What the task requires
Print the data exactly. Omit the pictures.

Given data
==================================================

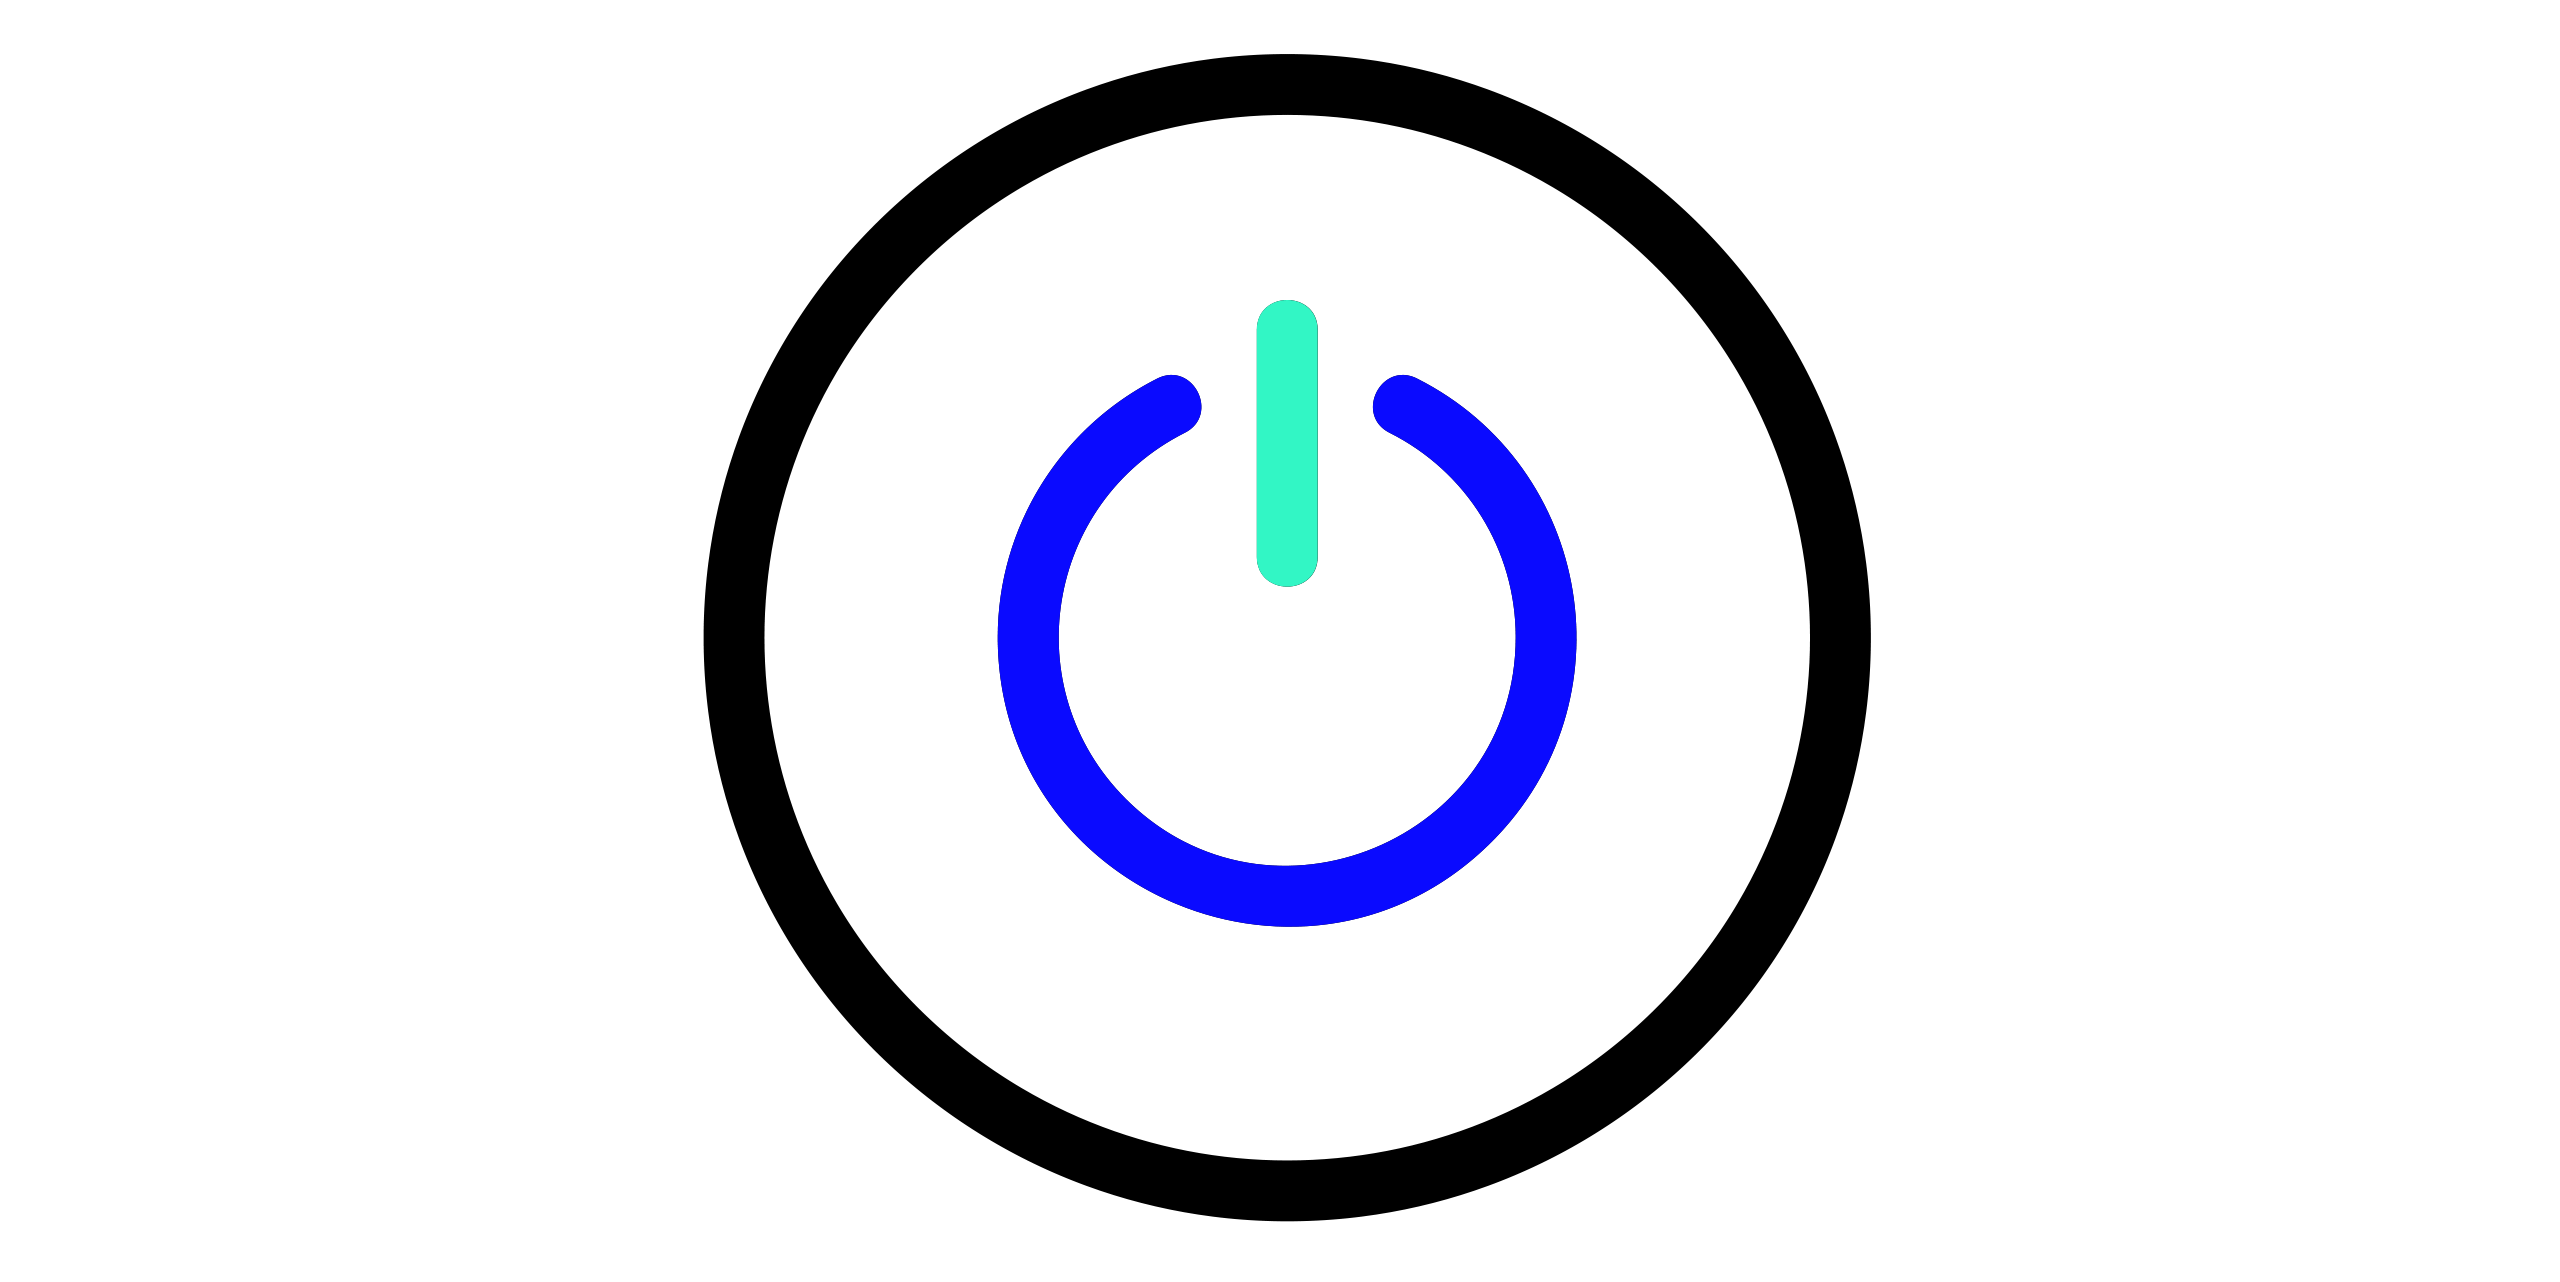 Icon of a power button
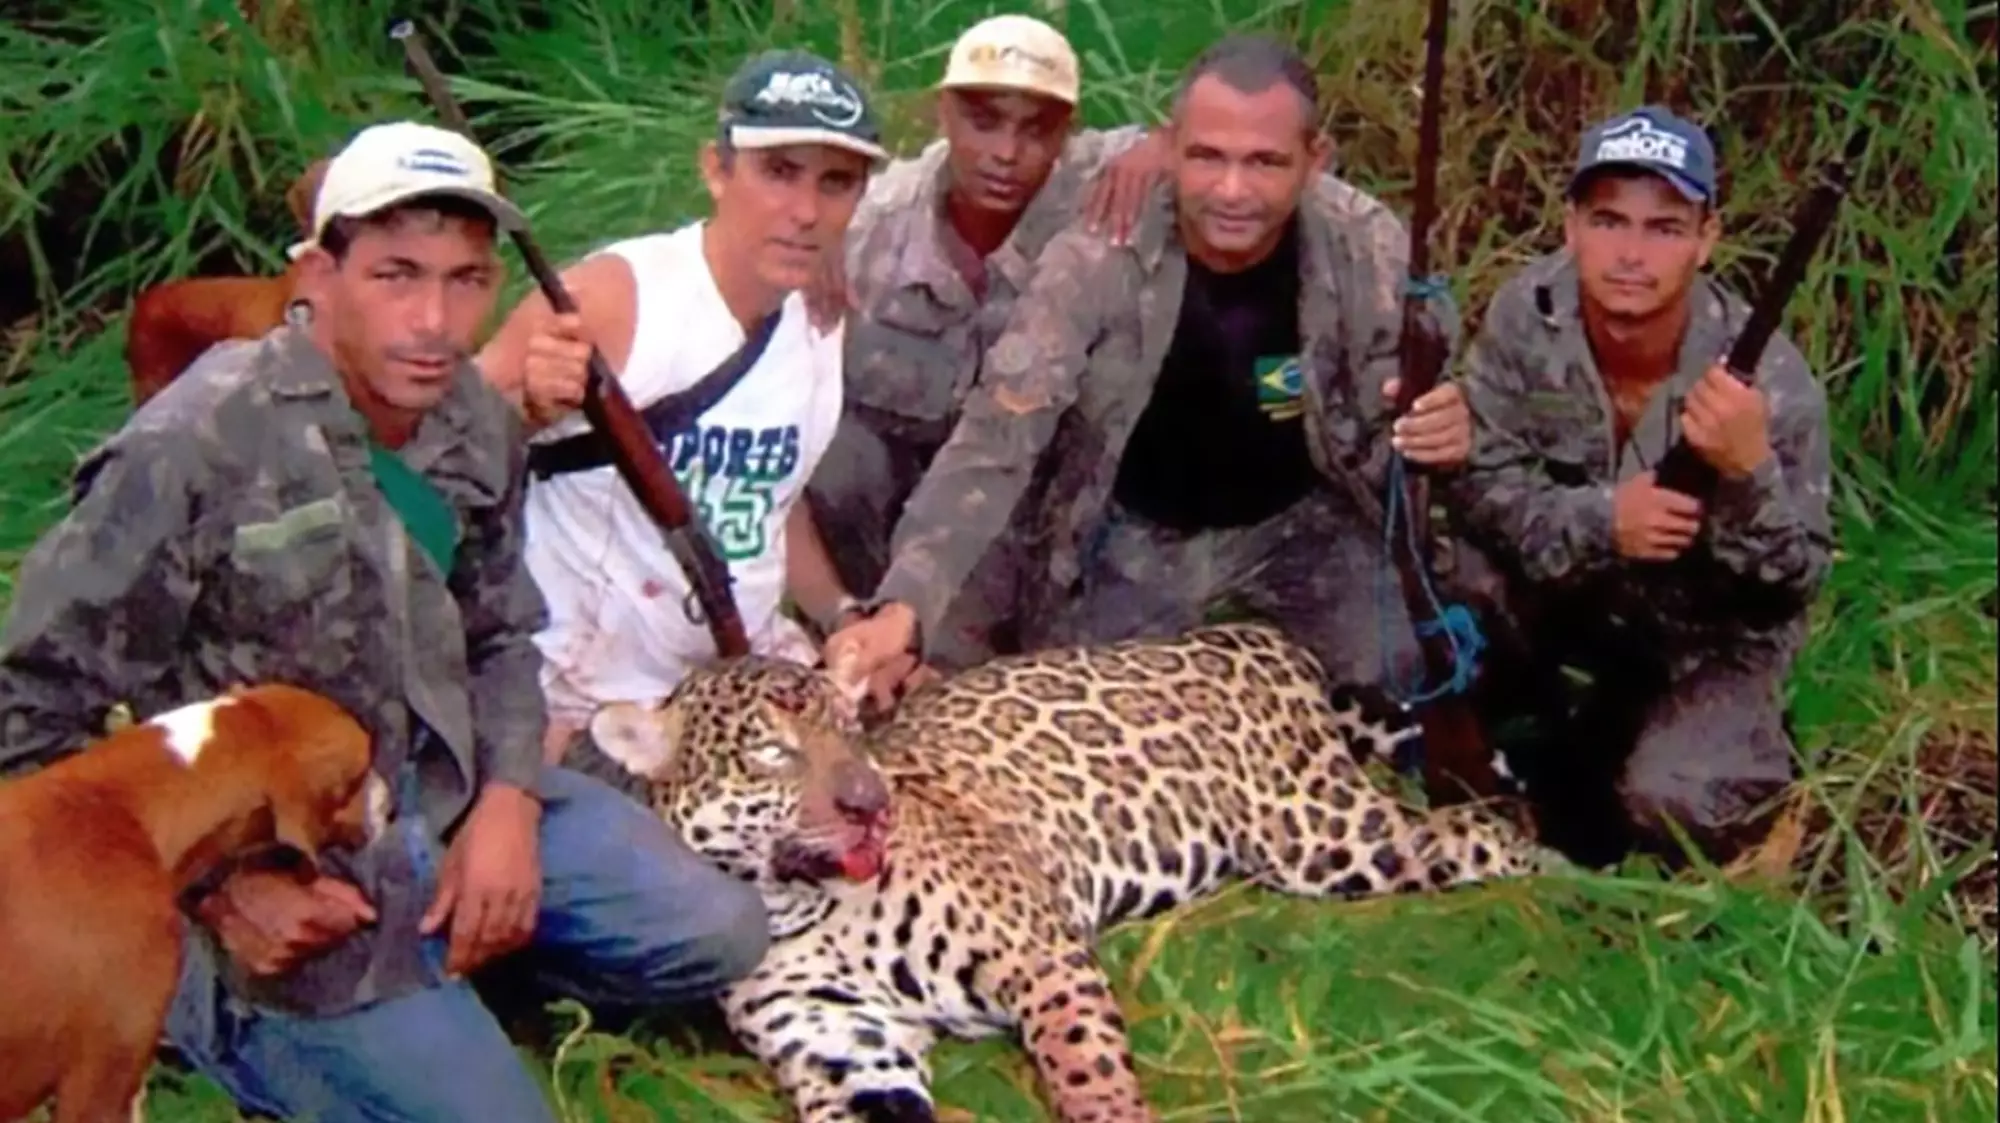 The poachers with a killed jaguar.
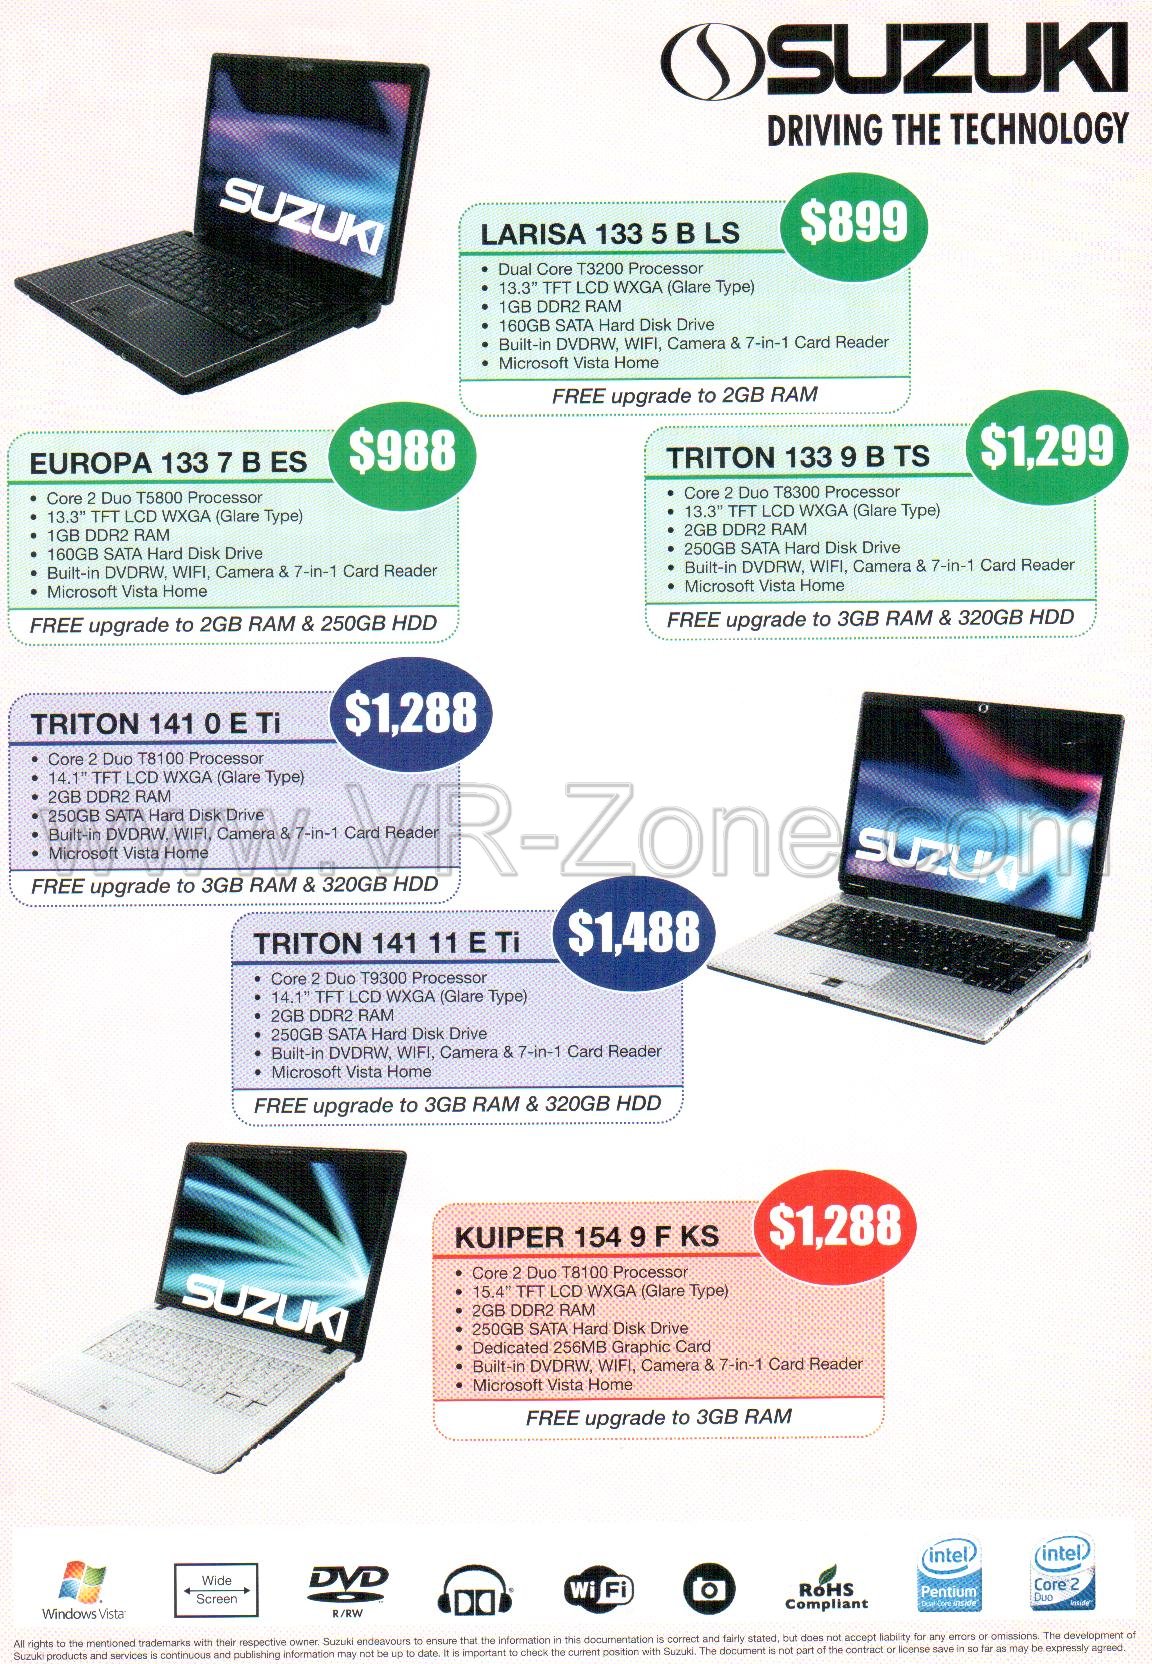 Sitex 2008 price list image brochure of Suzuki Notebooks

==================================================

Task output
 Icon of a power button
 The poachers with a killed jaguar.
 Sitex 2008 price list image brochure of Suzuki Notebooks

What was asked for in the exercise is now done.